ABOUT THIS EXERCISE »
Transcribe exactly, and without pictures, only the lines from the one bearing "Tuolumne Meadows, Yosemite NP, California" through the final line of the data below.

PROVIDED DATA »
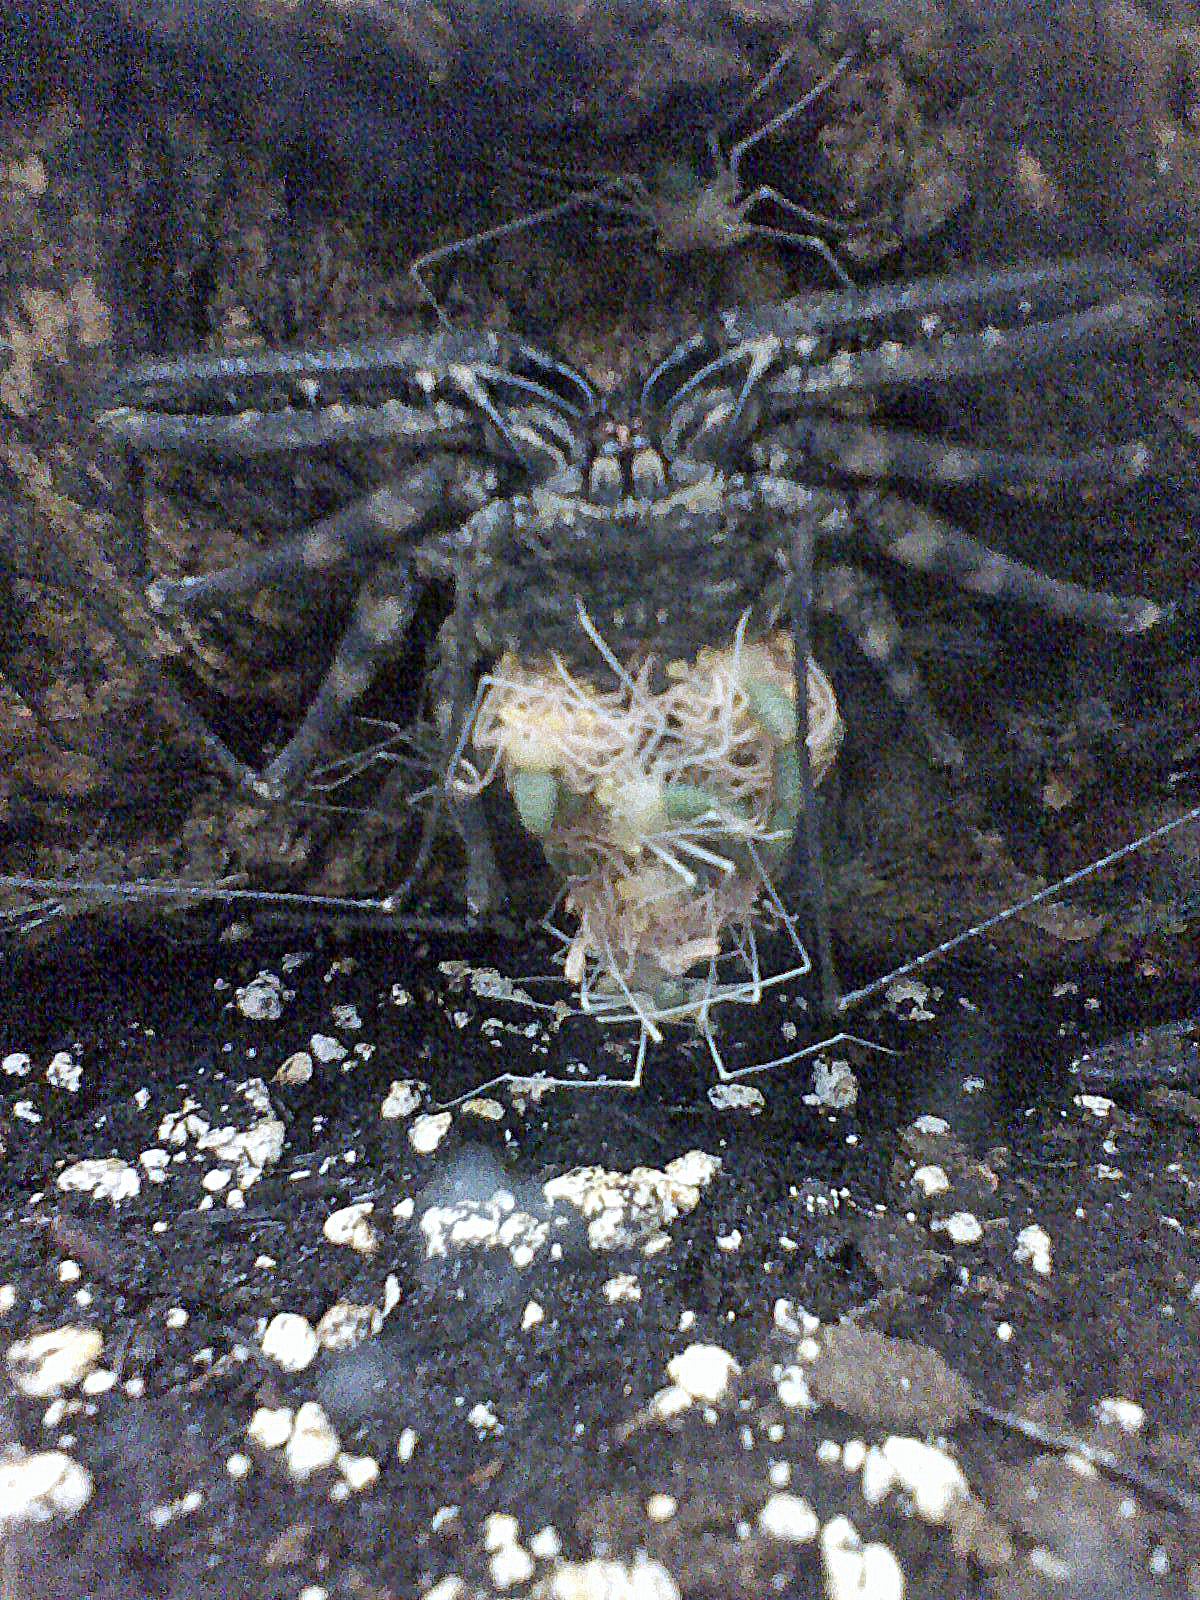 damon diadema, amblypygi, tarantula, spider
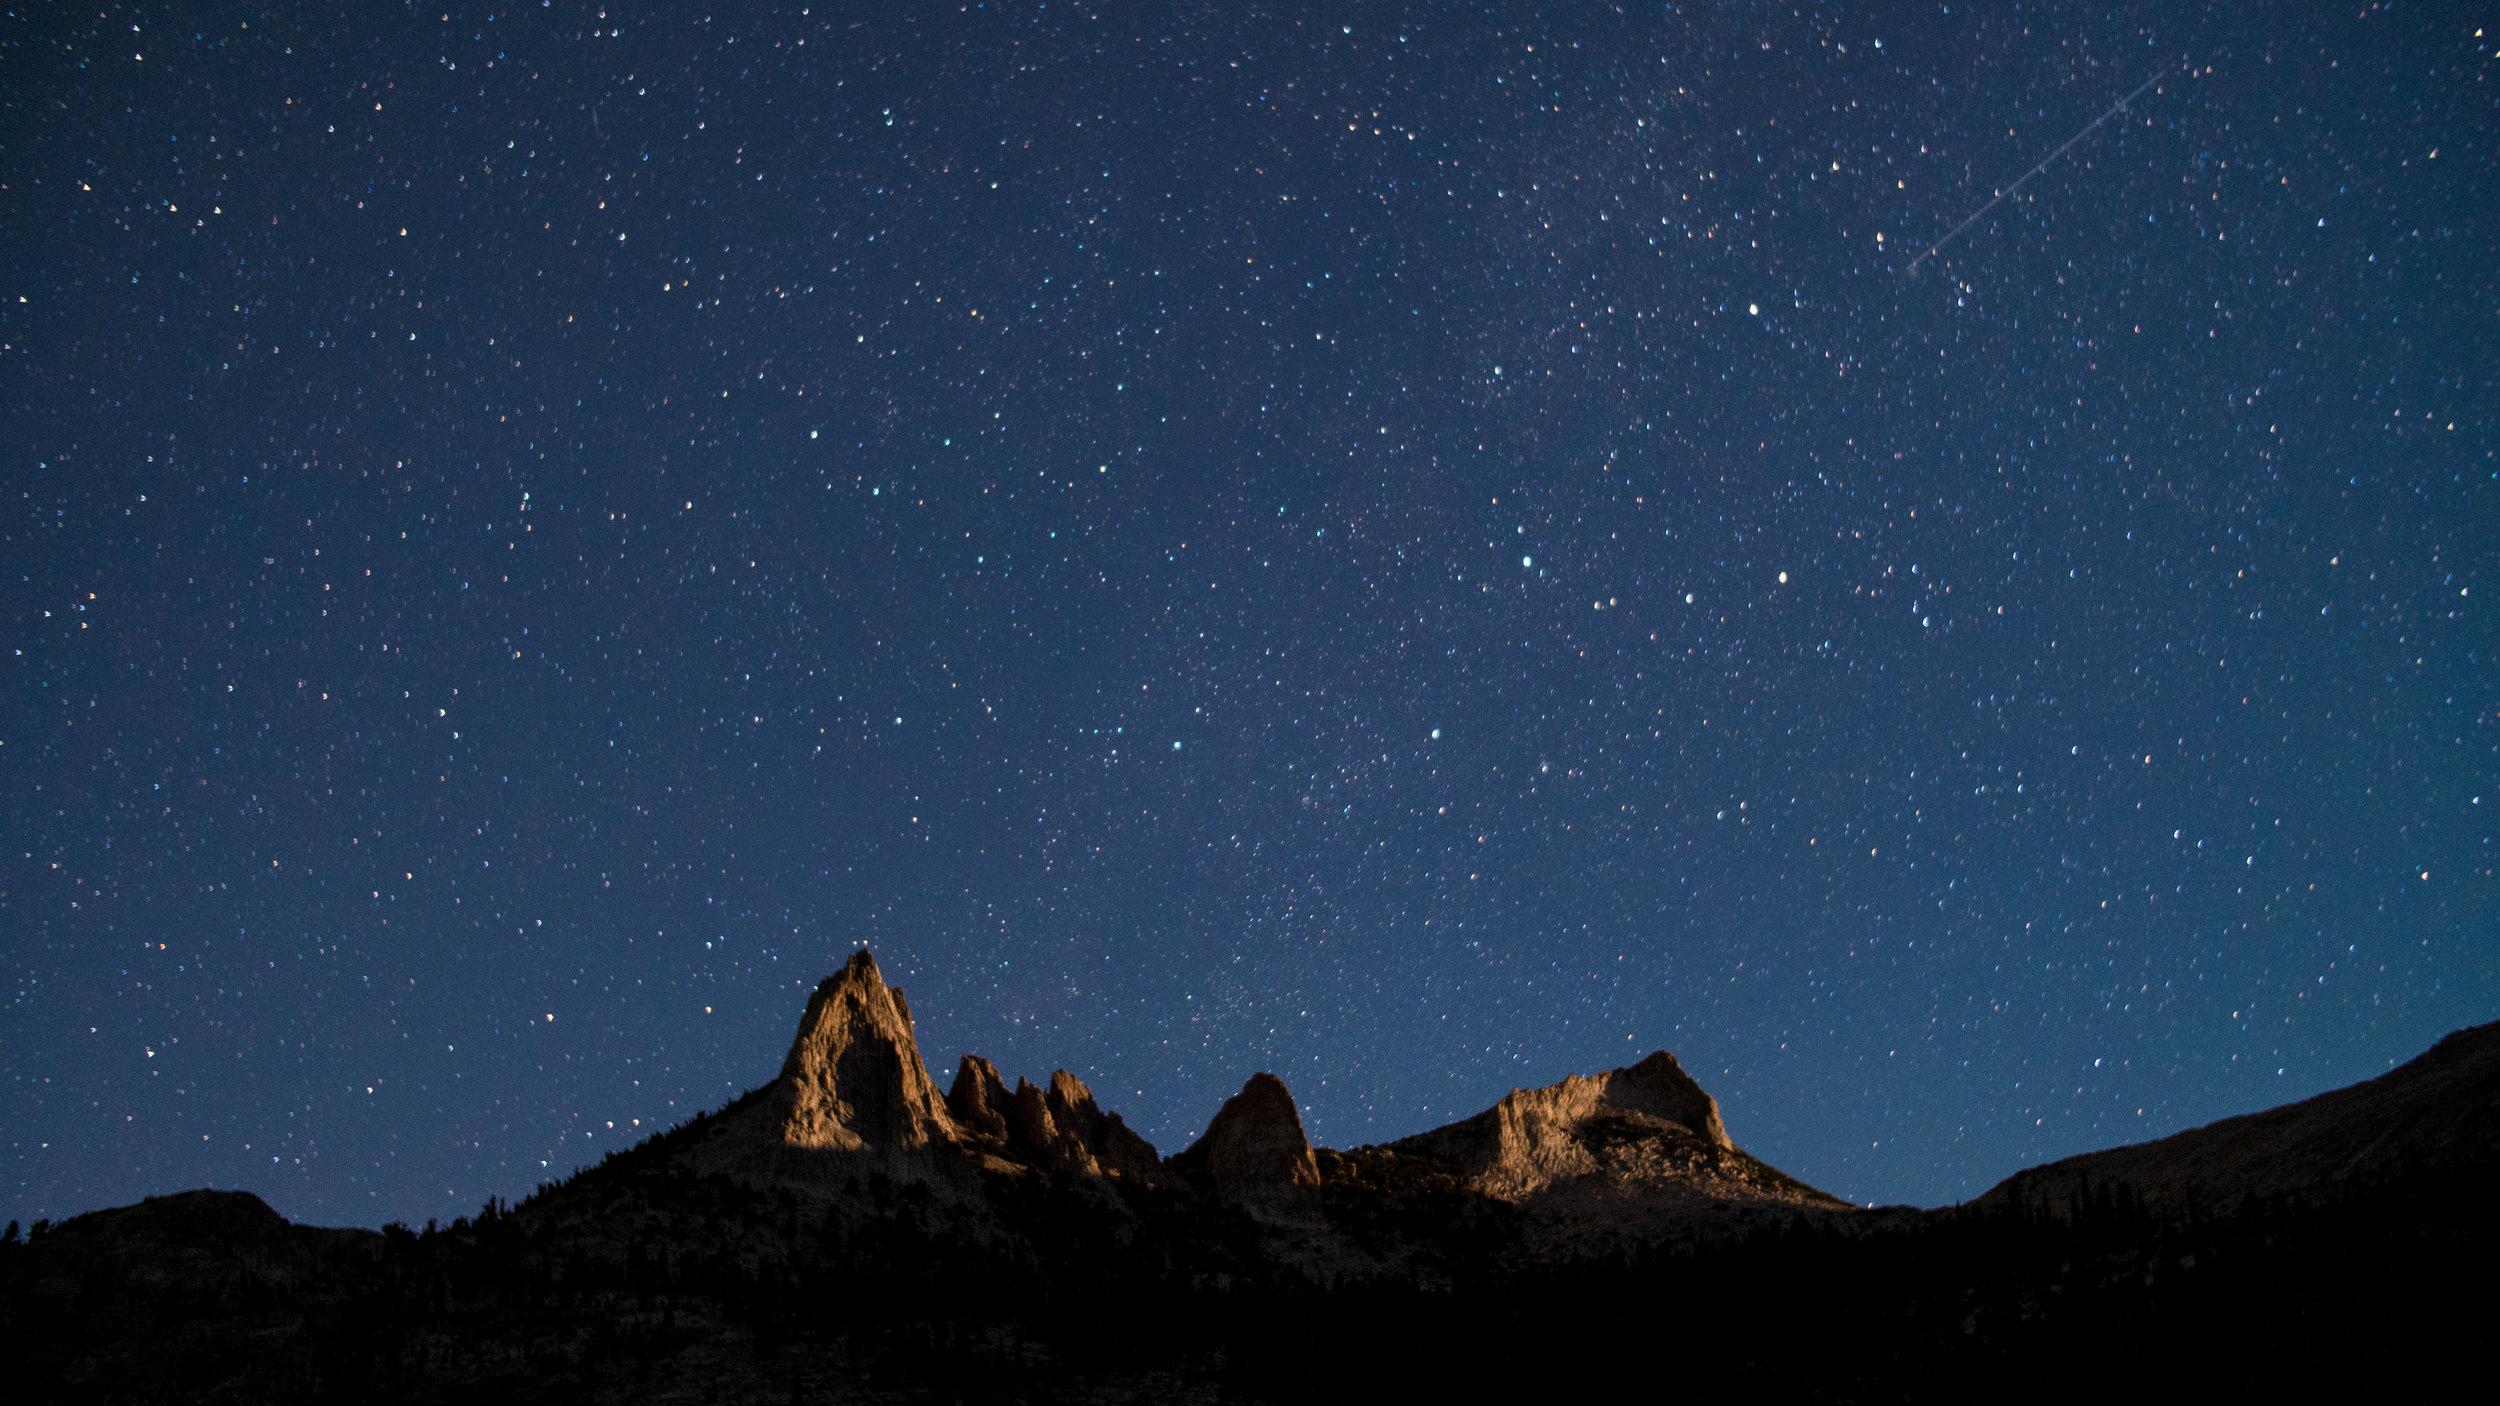 Tuolumne Meadows, Yosemite NP, California
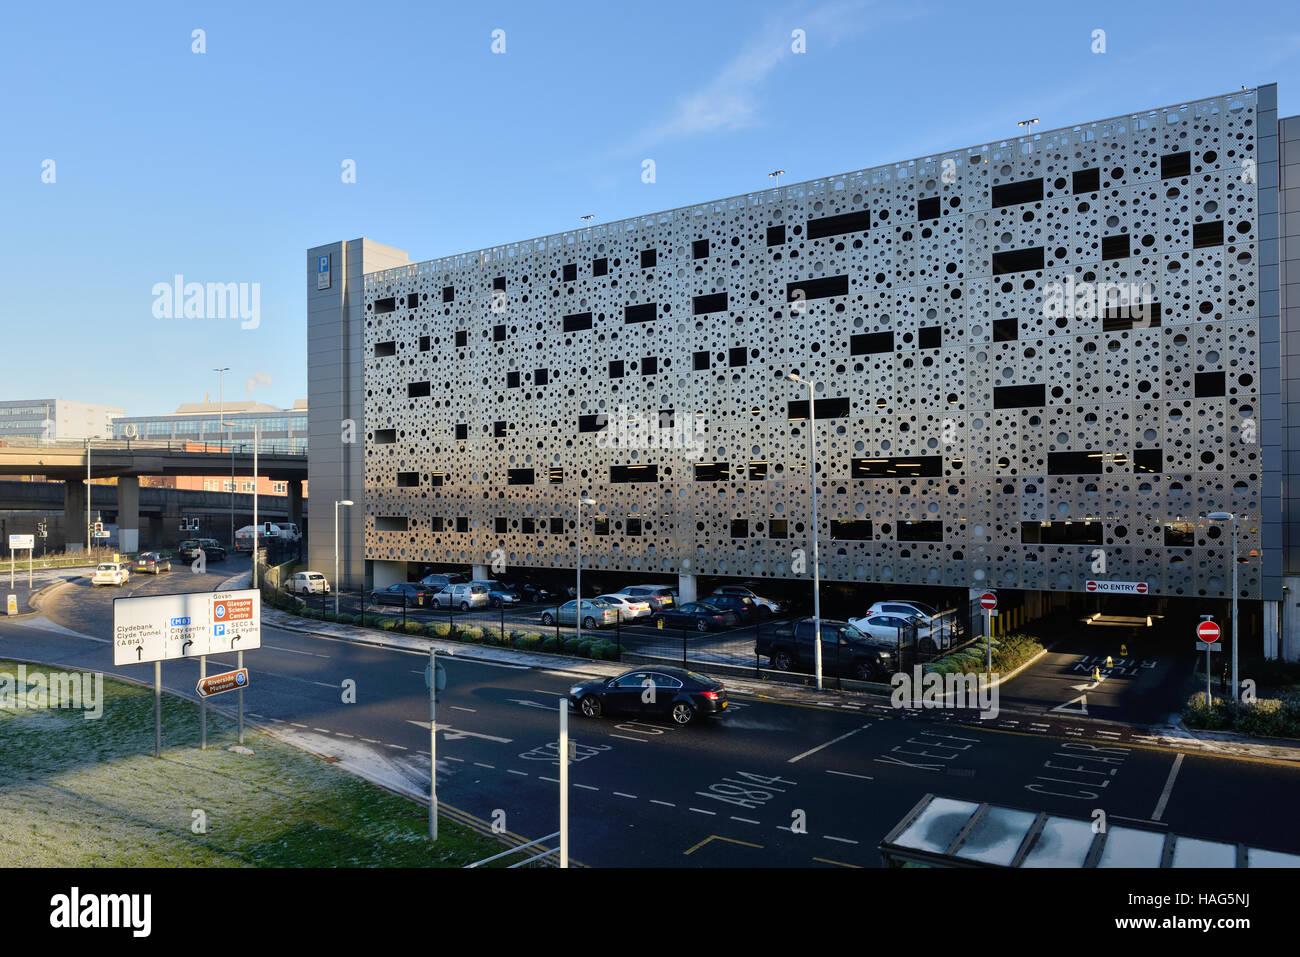 Hydro multi-storey car park in Finnieston, Glasgow, Scotland, UK - Stock Image

EXERCISE OUTPUT »
 Tuolumne Meadows, Yosemite NP, California
 Hydro multi-storey car park in Finnieston, Glasgow, Scotland, UK - Stock Image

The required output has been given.